Counting every line in the records below that holds "chairs", give the total and add nothing.

# Information shown:

- Opening Delimiter -

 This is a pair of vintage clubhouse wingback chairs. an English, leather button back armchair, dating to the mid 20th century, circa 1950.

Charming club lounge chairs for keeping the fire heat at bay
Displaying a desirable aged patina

- Closing Delimiter -
- Opening Delimiter -

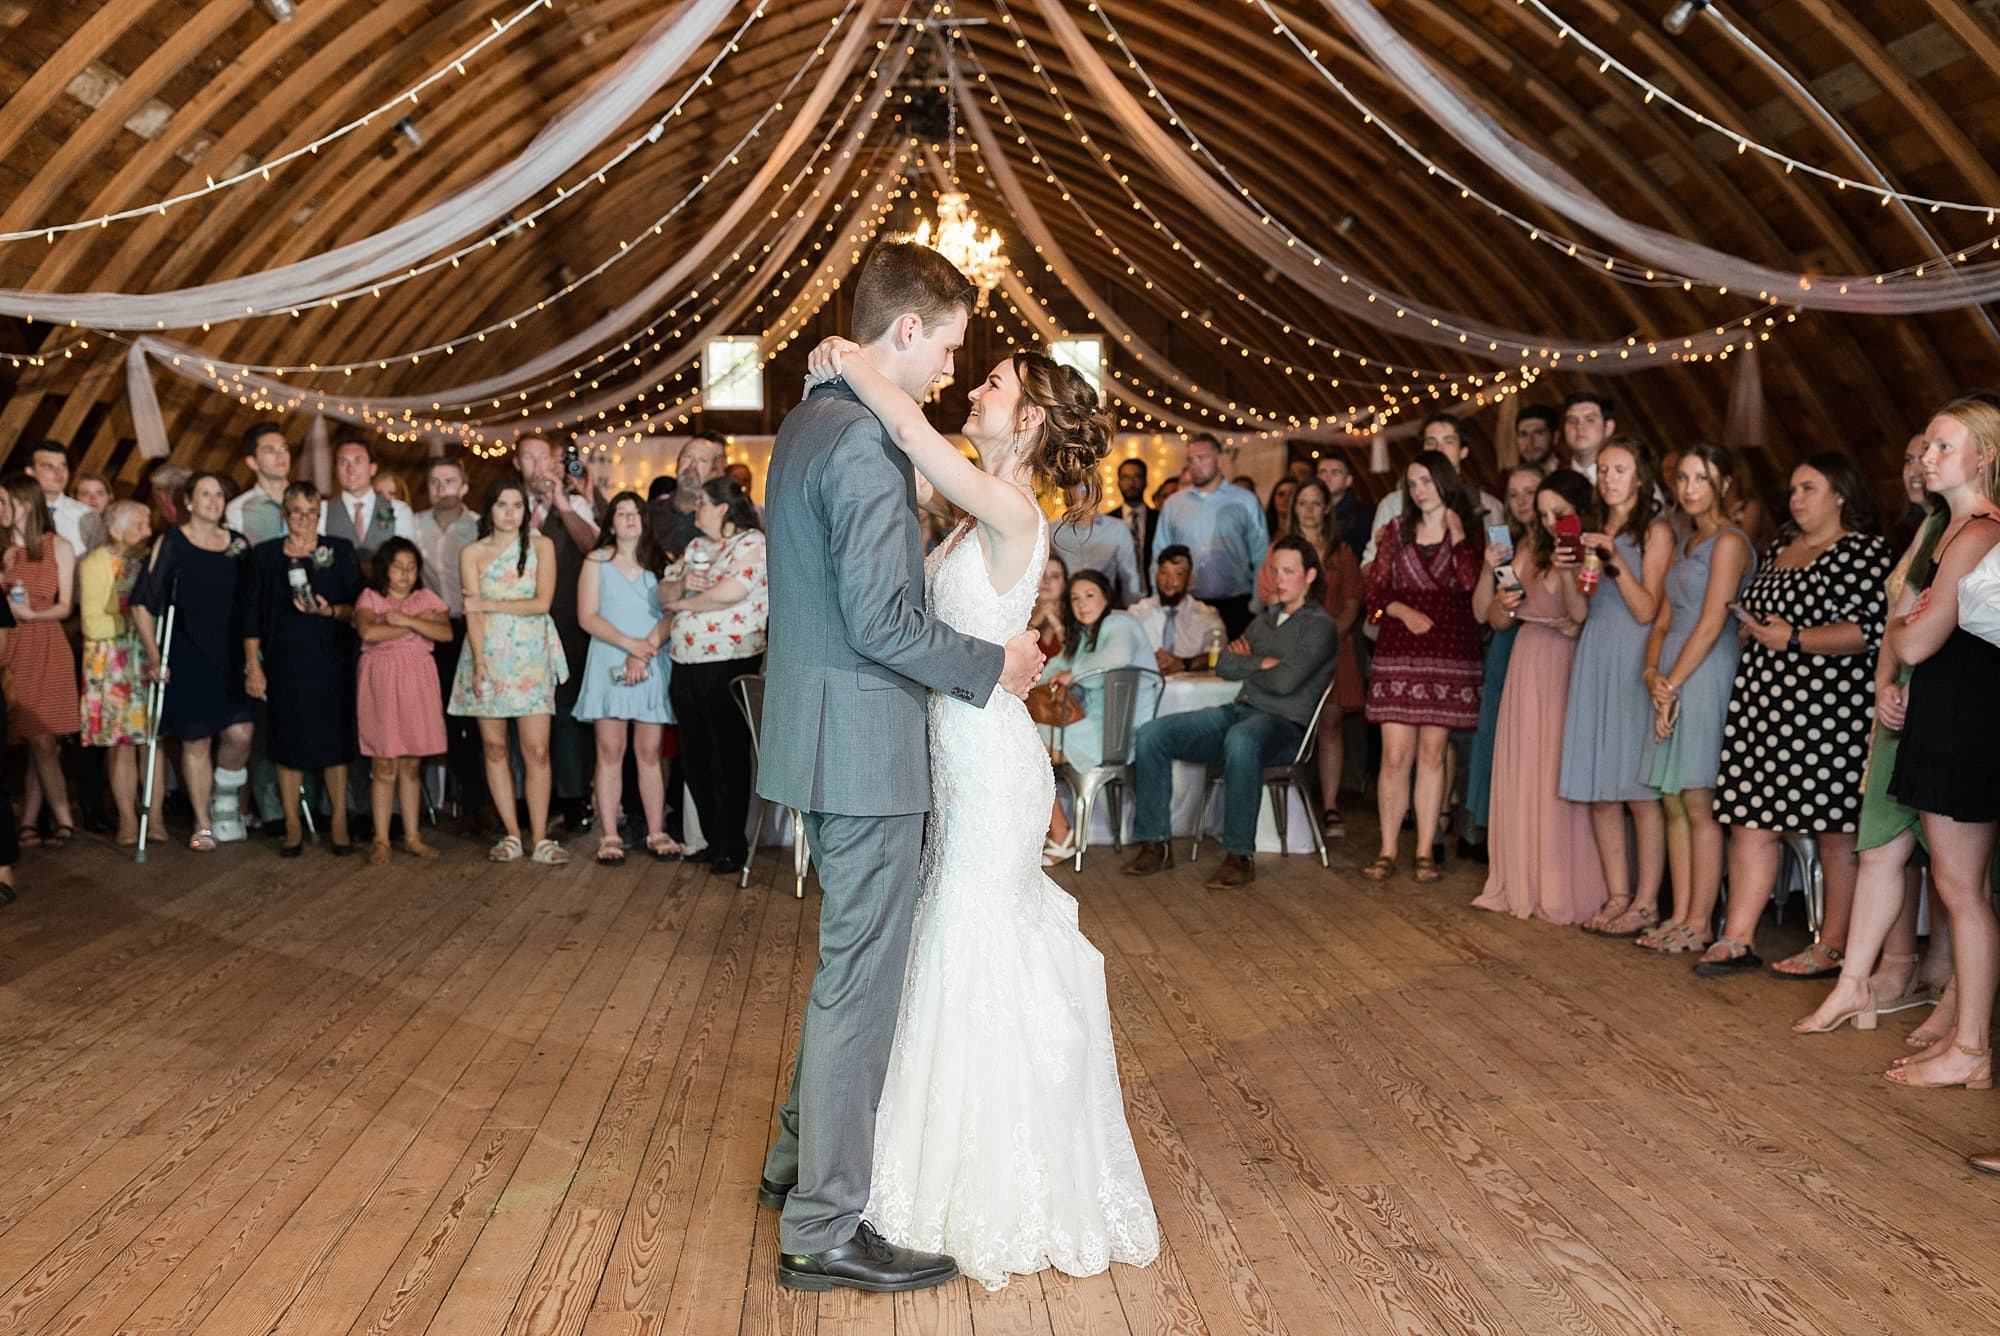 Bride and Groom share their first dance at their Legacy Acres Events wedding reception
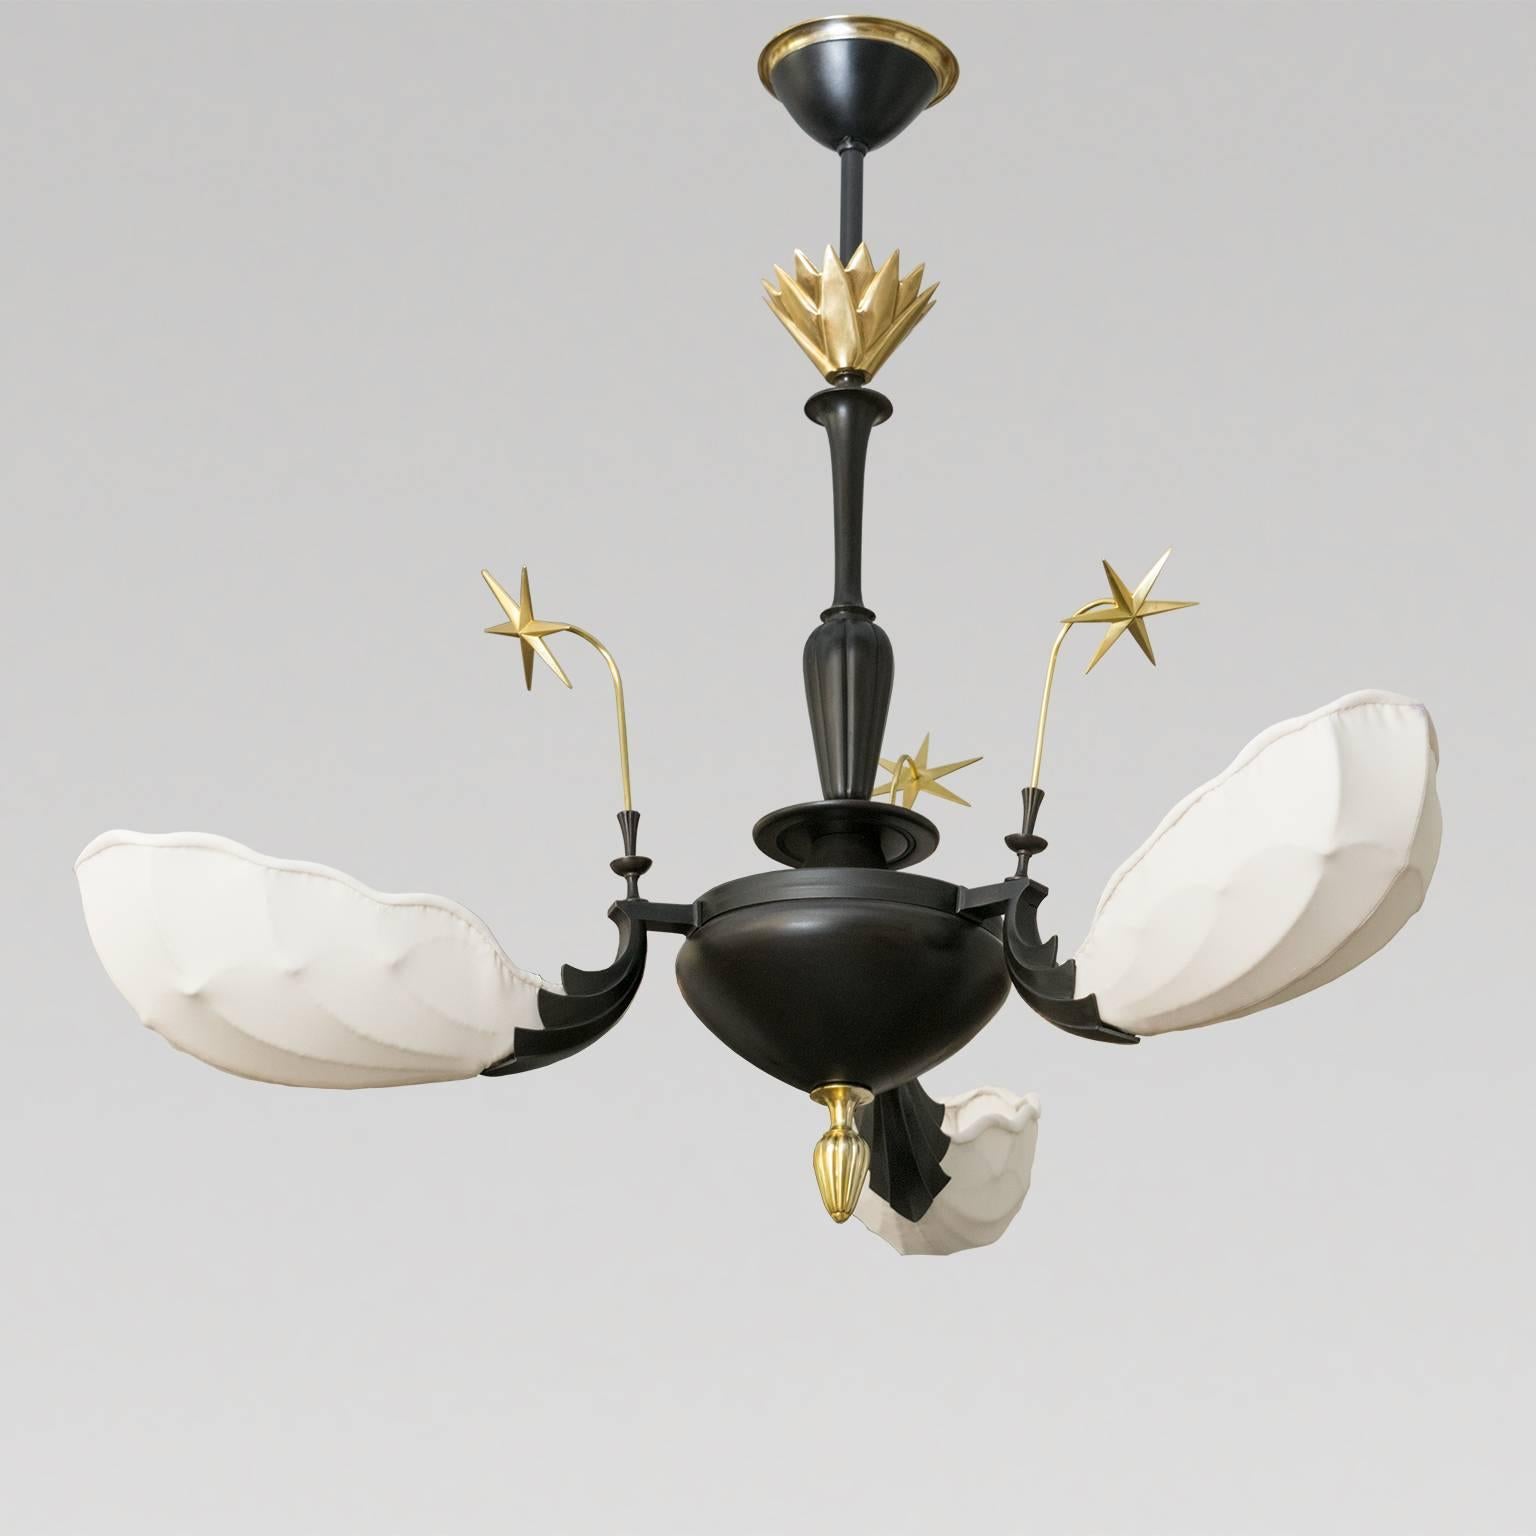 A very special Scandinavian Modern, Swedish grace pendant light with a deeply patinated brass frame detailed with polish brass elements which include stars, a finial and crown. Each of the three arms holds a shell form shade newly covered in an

- Closing Delimiter -
- Opening Delimiter -

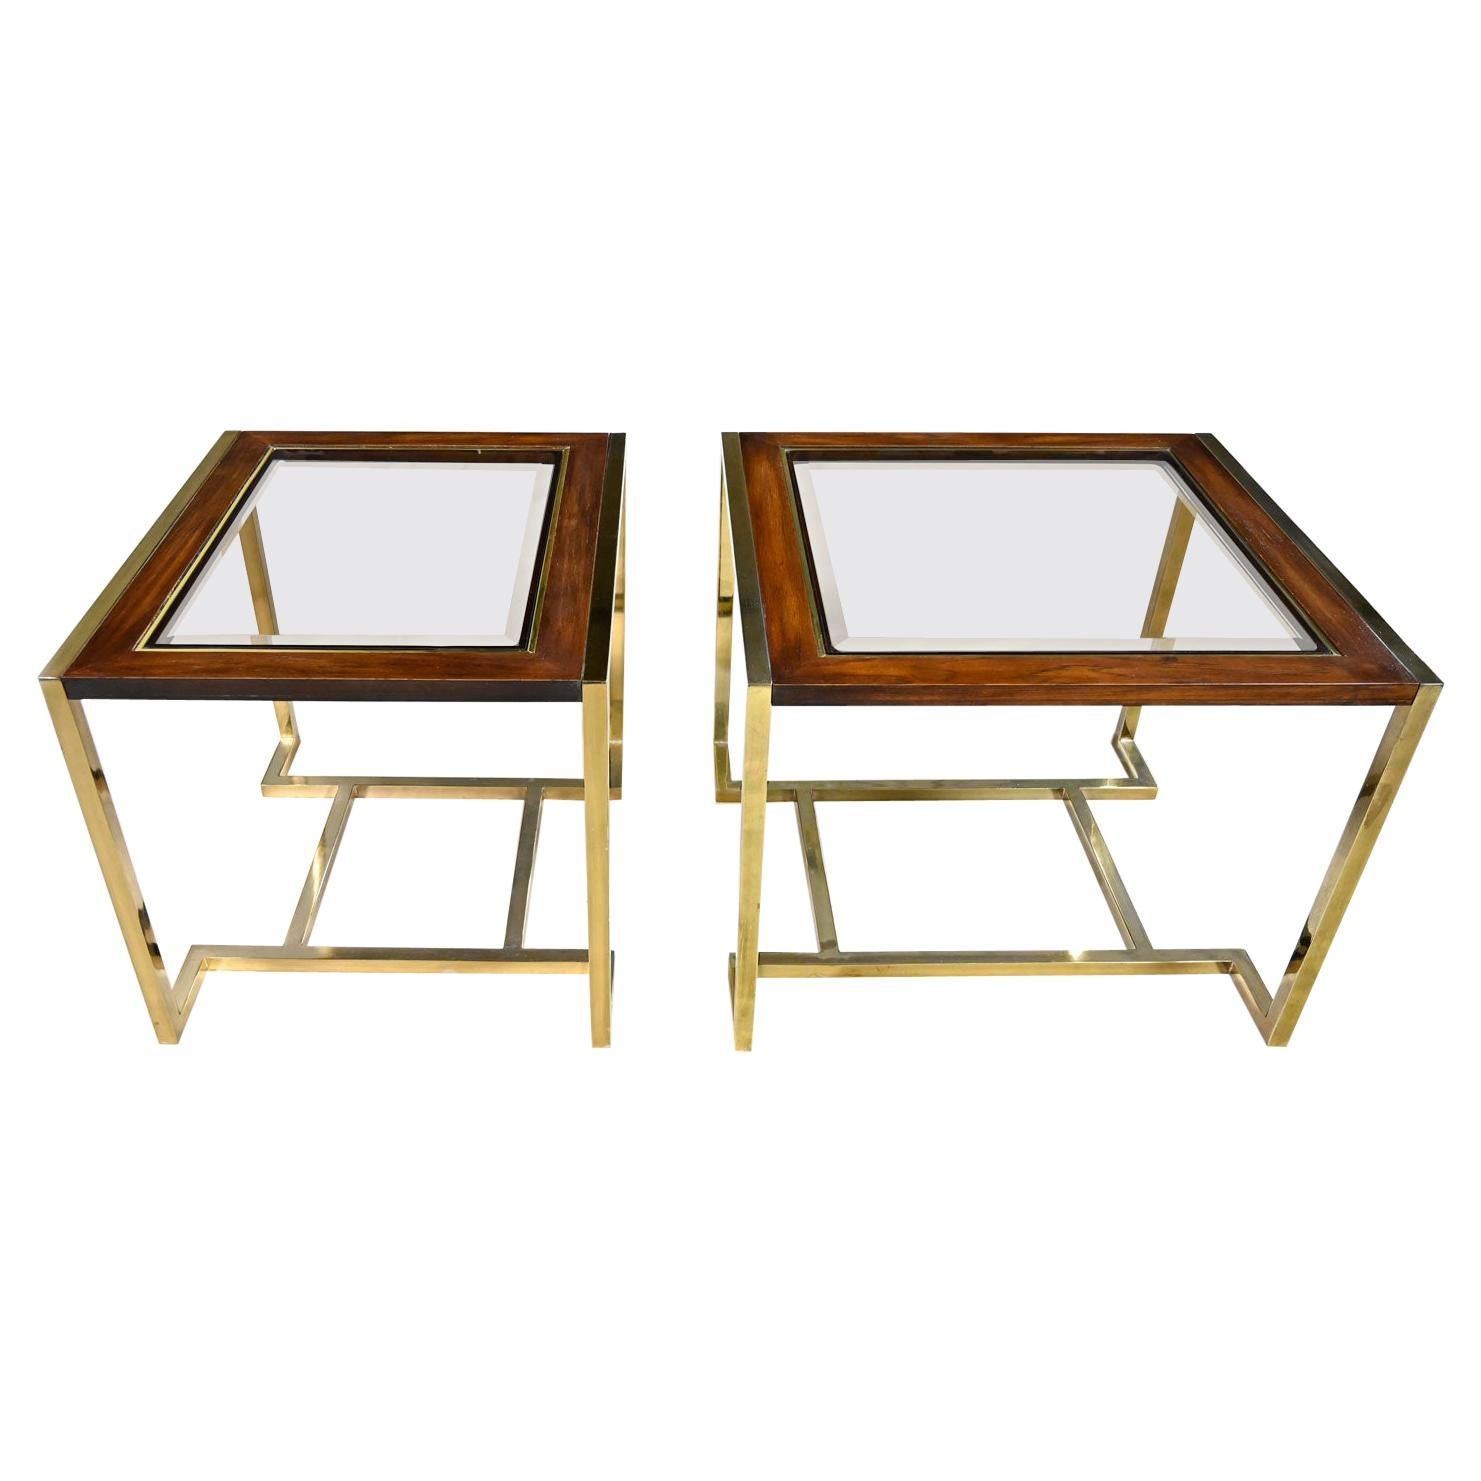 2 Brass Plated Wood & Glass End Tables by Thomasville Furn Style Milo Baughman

- Closing Delimiter -

# Written response:
2